#### Goal of the exercise:
The full listing, copied exactly and free of pictures, is the expected reply.

#### Given data:

____

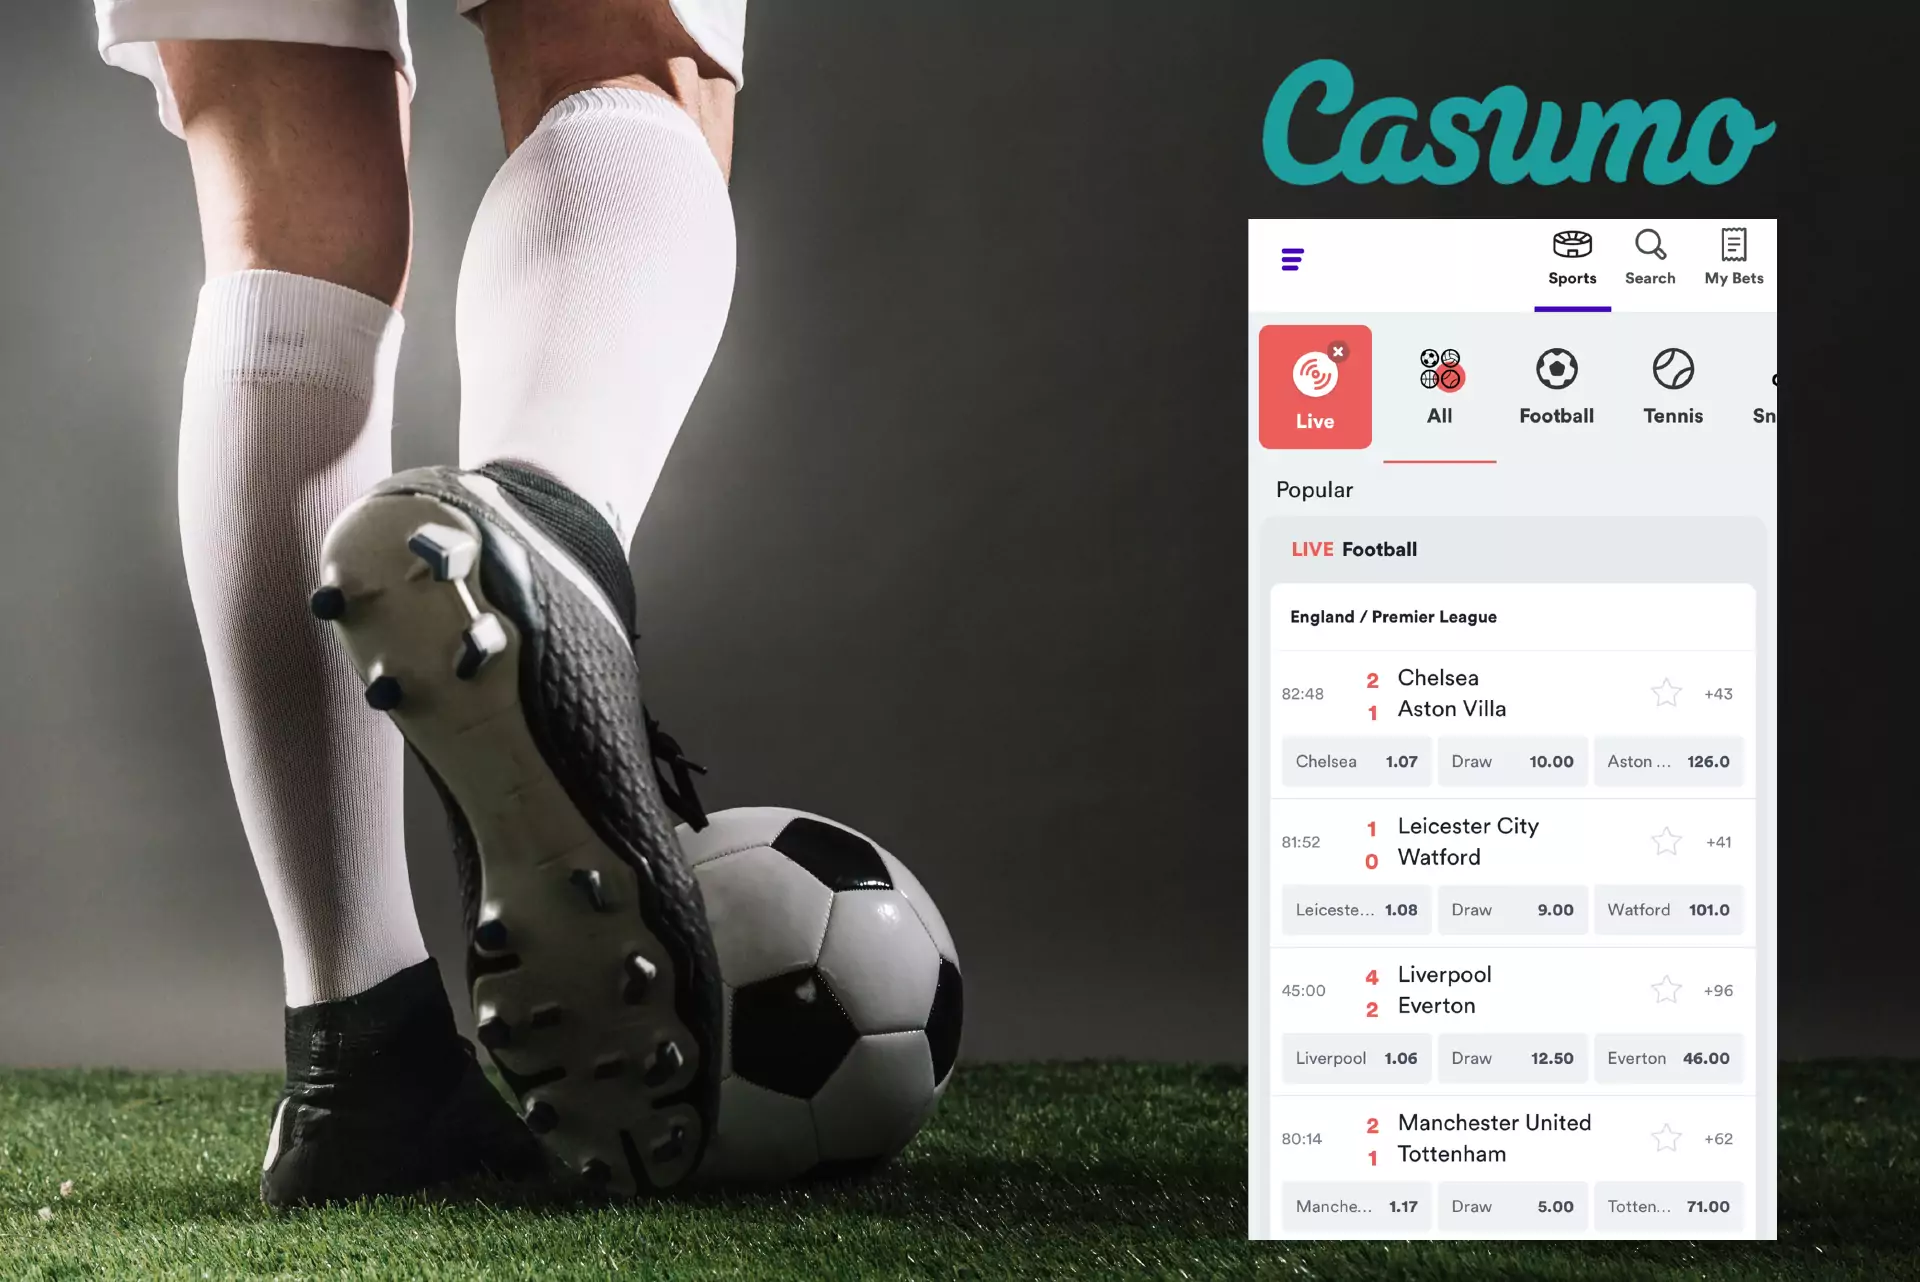 Users can bet sports on Casumo.
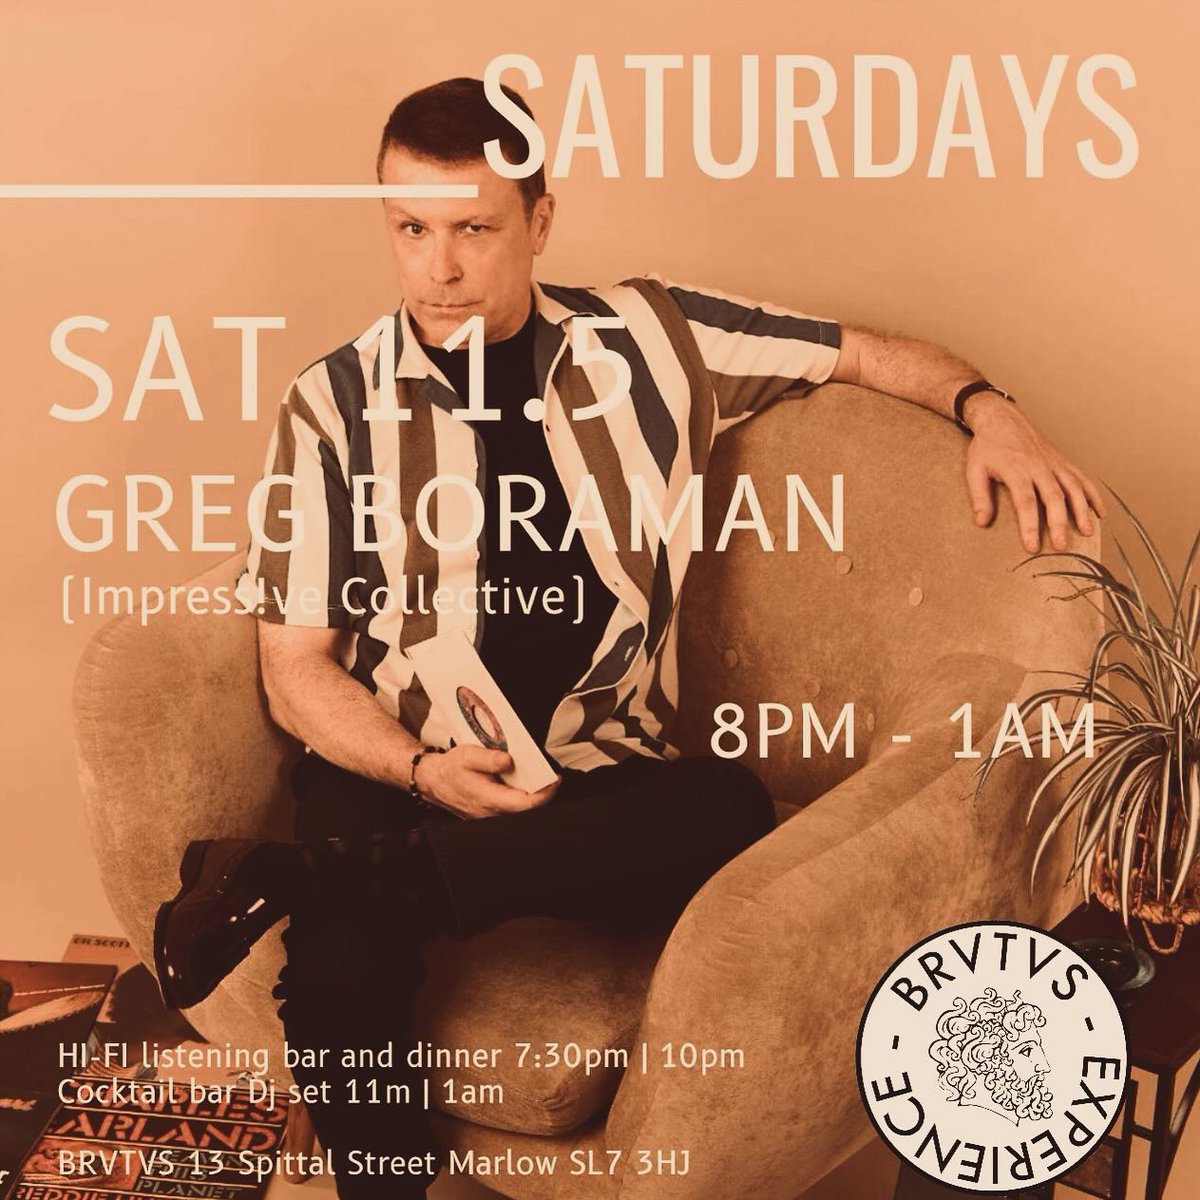 Saturday at BRVTVS, Marlow, Bucks Sat 11th May - Hi-Fi listening bar 7:30pm | 1am I'll be spinning many types of sounds including some exclusive, including a few as yet unreleased tracks from freshly minted 'IMPRESS!VE Collective' test pressings @imprssvcllctve @bbemusic
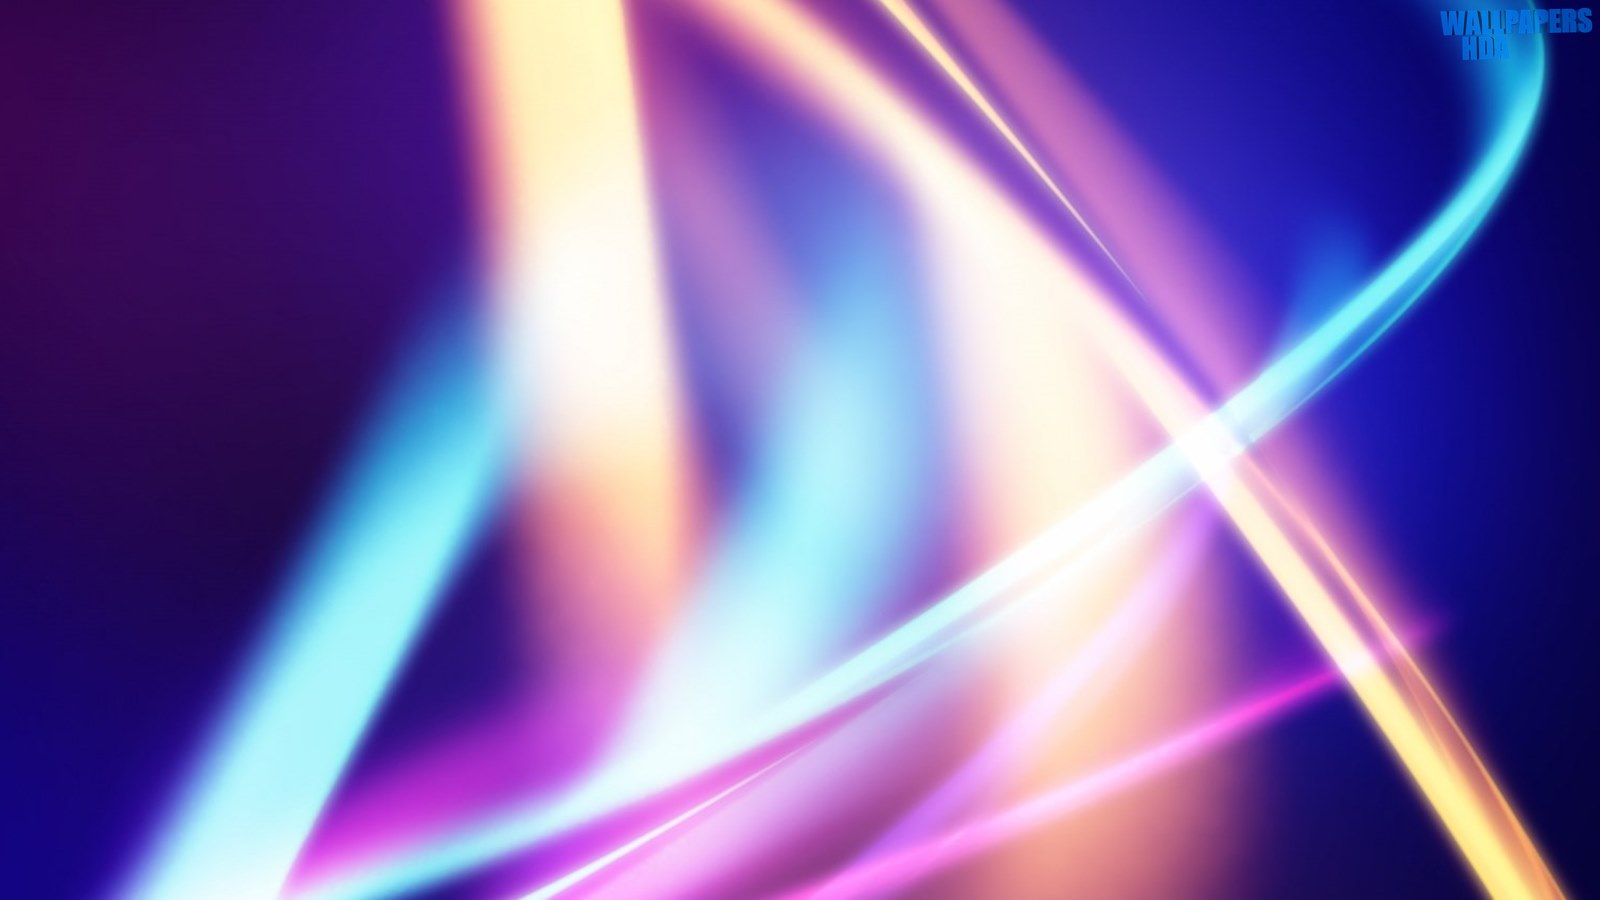 Abstract graphic design colorful wallpaper 1600x900

____

#### Reply:
 Users can bet sports on Casumo.
 Saturday at BRVTVS, Marlow, Bucks Sat 11th May - Hi-Fi listening bar 7:30pm | 1am I'll be spinning many types of sounds including some exclusive, including a few as yet unreleased tracks from freshly minted 'IMPRESS!VE Collective' test pressings @imprssvcllctve @bbemusic
 Abstract graphic design colorful wallpaper 1600x900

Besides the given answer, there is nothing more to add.